Both MEX interaction and MEX immersion must be considerably improved in order to provide a better user experience along with the analog-digital convergence. Most interestingly, a new multimedia content type may play a key role in this development, characterized as "urban mobile 4D situated media" and simply coined as "4D City" during the talk.
The talk will place the vision of urban MEX interaction in the perspective of the evolution of human-computer interaction (HCI), describe the key development steps towards this vision and a number of contributions of the presenter's research lab to these steps. The novel content type "4D City" will be introduced and the necessary processing pipeline will be discussed along with insights into the state of mastery of the pipeline steps.

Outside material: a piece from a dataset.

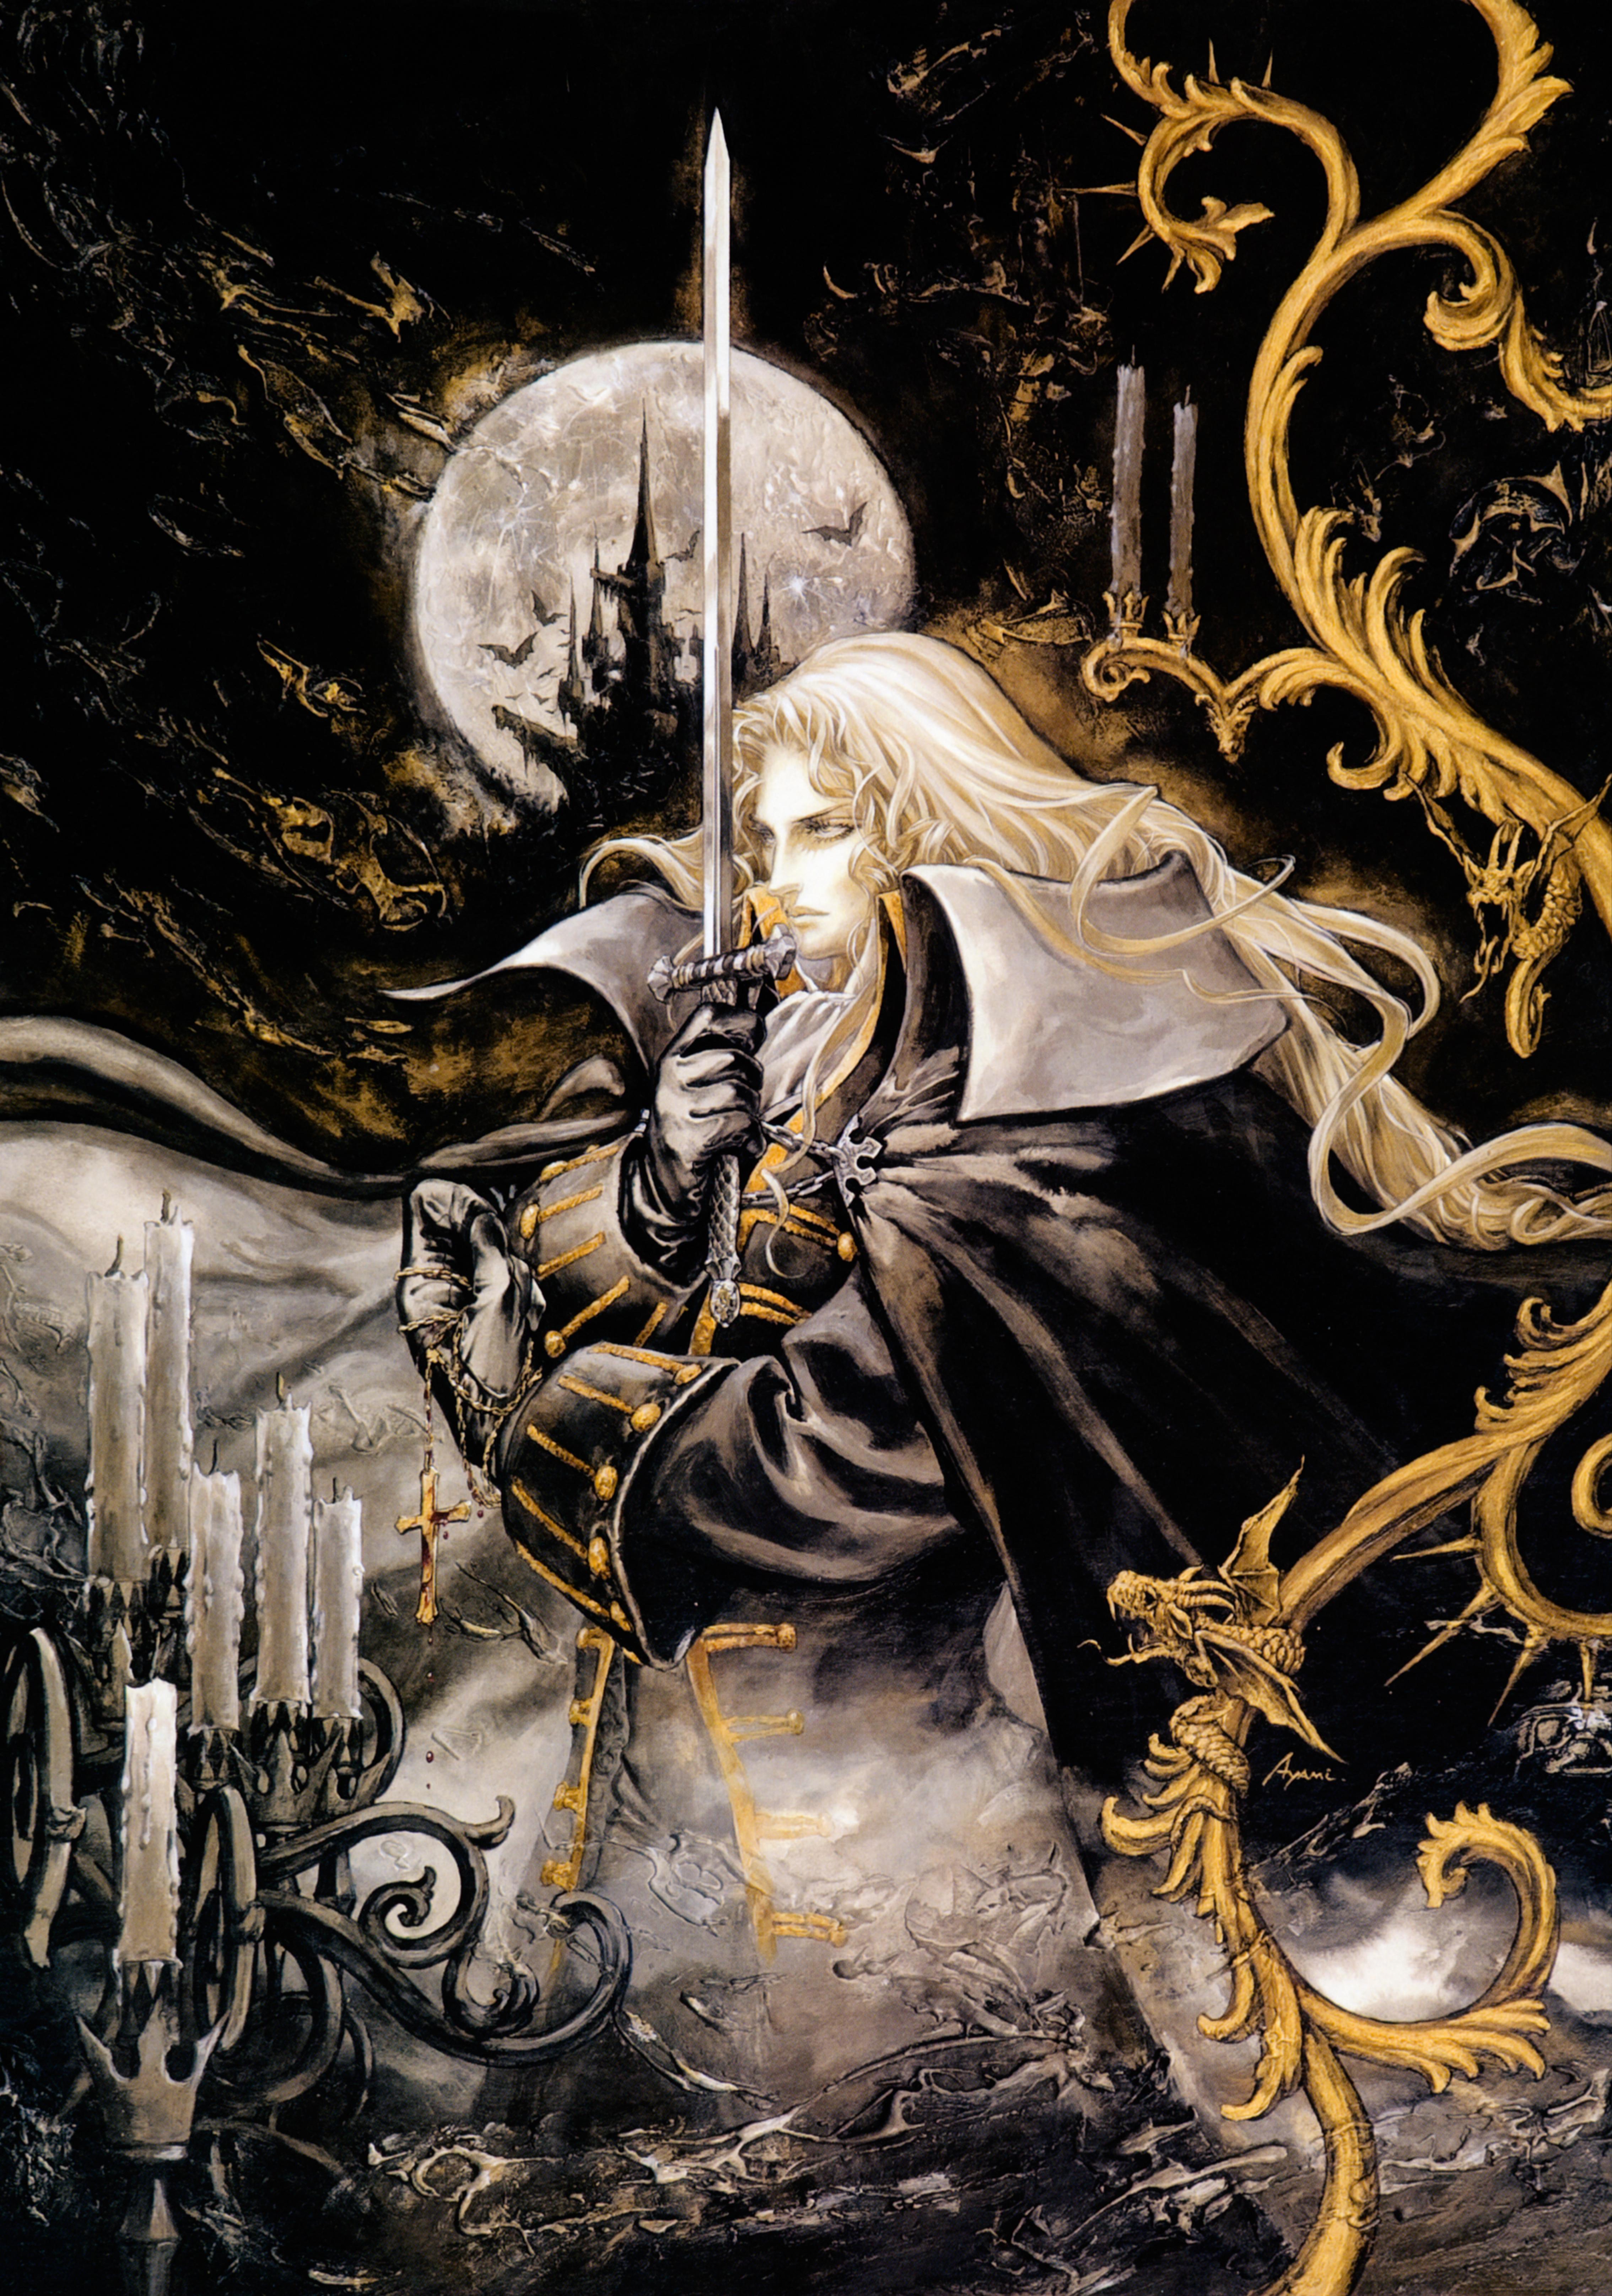 Castlevania: Symphony of the Night Anime Image Board

Bio: Max Mühlhäuser is a full professor at Technical University of Darmstadt and head of the Telecooperation Lab. He holds key positions in several large collaborative research centers and is leading the Doctoral School on Privacy and Trust for Mobile Users. He and his lab members conduct research on Human Computer Interaction, the future Internet, Intelligent Systems, and Cybersecurity including Privacy & Trust. Max founded and managed industrial research centers, and worked as either professor or visiting professor at universities in Germany, the US, Canada, Australia, France, and Austria. He published over 700 peer-reviewed articles and is a member of acatech, the German Academy of the Technical Sciences. Max was and is active in numerous conference program committees, as organizer of several annual conferences, and as a member of editorial boards or a Guest Editor for journals such as ACM IMWUT, ACM ToIT, Pervasive Computing, ACM Multimedia, and Pervasive and Mobile Computing.